I asked Mario, my dive master, to tell me the story of Apo Island. In the late ’70s and early ’80s, he, like most of its residents, would use destructive fishing methods. “So you were a dynamite fisher?” I asked. ”Oo, pati muro ami, cyanide… Lahat.” I died a little inside. Not-so-fun fact: one tablespoon of cyanide can damage 15 hectares of coral reefs. AAAAACCCCCCKKKKKKK. But then they noticed that the fish were disappearing rapidly and NOT COMING BACK. Which means that everything you just saw in the pictures did not exist. I can’t even…
Soon enough, a team of researchers, graduate students, and scientists from Silliman University took notice and began the conservation efforts. The group was led by Dr. Angel Alcala. He is like THE godfather of marine biology in the Philippines, and the first Filipino environmentalist to win the Ramon Magsaysay Award. The initial efforts were met with a lot of resistance. Understandably so–I mean, how do you tell a community that has lived that way forever that their source of livelihood will be labelled as a no-take zone, right? The team went on; they taught the fishermen the basics of reef ecology, scuba diving, and snorkeling. The fisherfolk didn’t even know that the corals were animals; they thought they were just rocks. Over time, the local community set up a co-op and began alternative livelihood programs: weaving, t-shirt printing, sarong-making, and the like.

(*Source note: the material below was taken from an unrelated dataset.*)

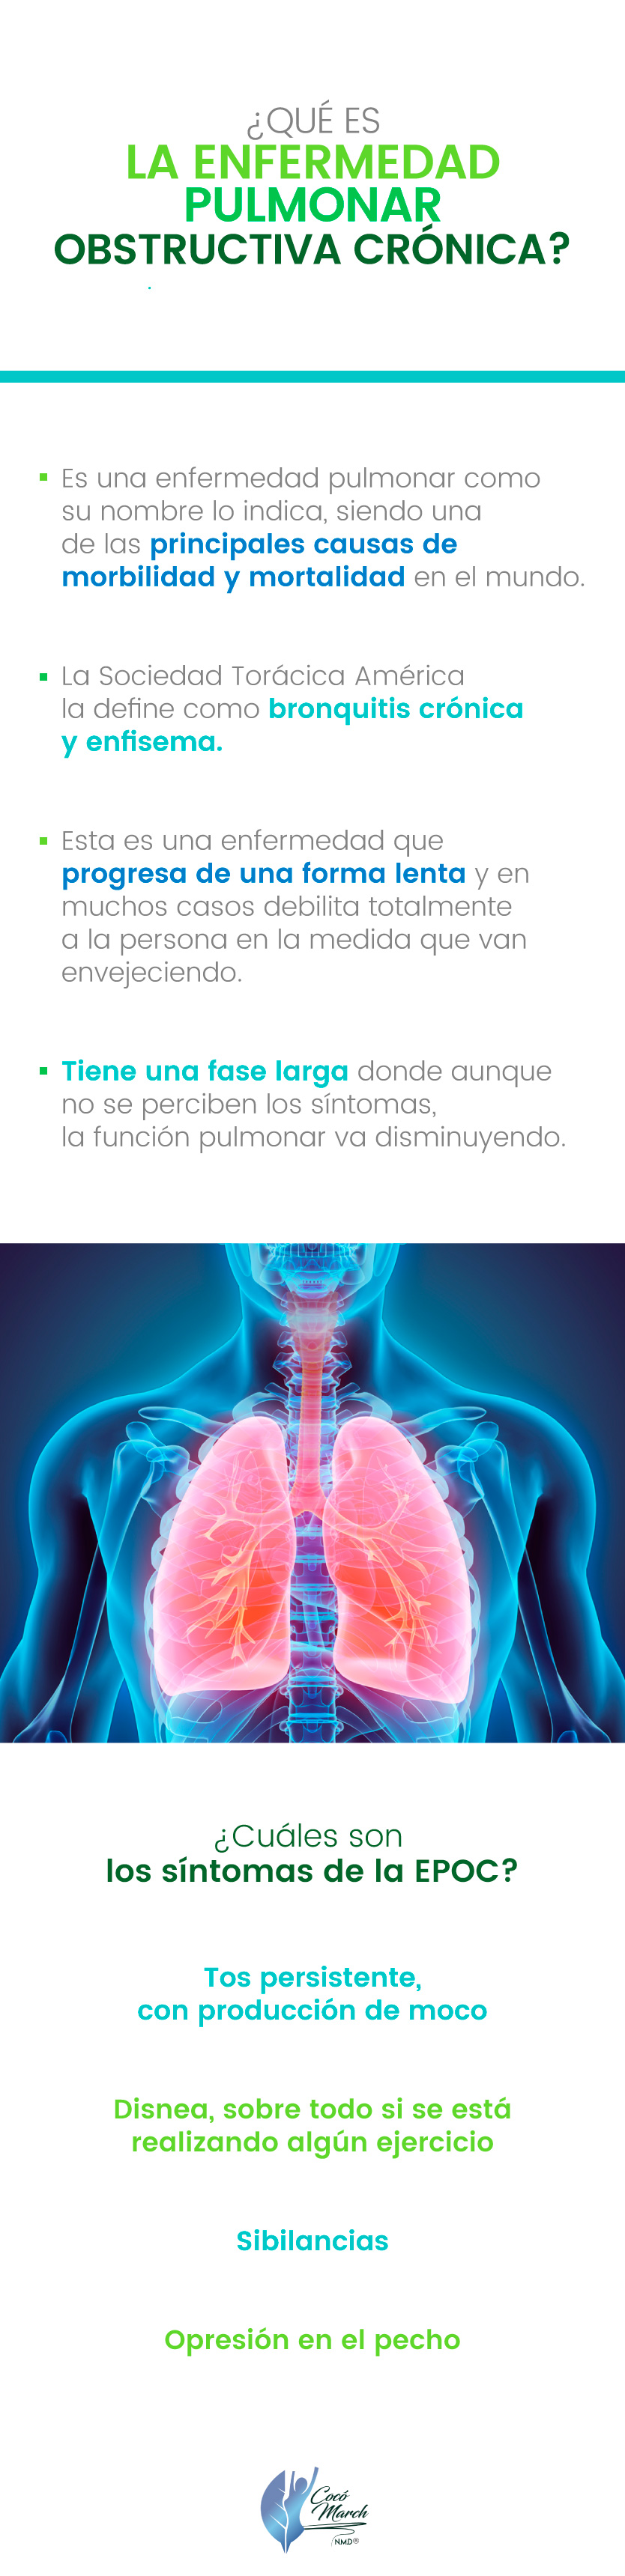 enfermedad-pulmonar-obstructiva-cronica-que-es

I was getting teary-eyed listening to the locals speak about what the island meant to them. It was like listening to proud parents talking about their newborn babies. Since the ’80s, their catch has TRIPLED and divers from all over the globe go there. In Mario’s dive shop-resort, I also talked to a middle-aged German couple and Swiss guy, Andreas, who had been staying there. Andreas was there to finish his dive master course. All three of them loved the Philippines so much! The couple told me how they had been all around the Philippines eleven years ago (including Bantayan!). Now that their kids were done with college, they returned to explore more islands. I asked them how Apo Island was like back then. Sabina, the wife, said, “People are more friendly now. Back then, they were quite shy. Now they’re all smiling, greeting me, ‘Hi Ma’am!’ ‘Good morning Ma’am!’ And now there are so many stray dogs!” (Kailangan din daw nila ng RH Bill. Hehe.) They told me that I was lucky to be Filipino :) WORD.
Apo Island now holds 400 species of corals, and over 650 species of fish. Divers and snorkelers aren’t even allowed to wear gloves underwater, so that we won’t touch and (potentially) destroy the corals and anemones.
The current during dive two was so strong, so we did drift diving. This means we had to just go with the flow-LITERALLY. Drop in and ride the movement.
big fish, small fish
according to Jayvee, this is an old “critically endangered” hawksbill turtle. WOW.
while stalking the turtle, i saw this underneath me. it was about as big as my thumb.
and off it goes.
another camouflage-ing fishie. can you see it? :)
and of course, the staple “I FOUND NEMO!” picture
just keep swimming, swimming, swimming!
Thinking about this place makes me warm and fuzzy inside. On the way back to Dumaguete via Mario’s boat, we even saw a manta ray flip on the surface. WOWOWOWOW. I know I say this all the time, but I’ll never get tired of saying it: the Philippines is worth diving for. Apo Island serves as a model for the rest of the country. It proves that we don’t need to destroy the environment to benefit from it. It also proves that nature provides a free meal–if and only if we learn to control our appetites.
P.S. Because I was diving in Apo, I didn’t get to see my dad receive his honorary PhD from the Foundation University, so I’m posting his picture instead. He is now a doctor-attorney.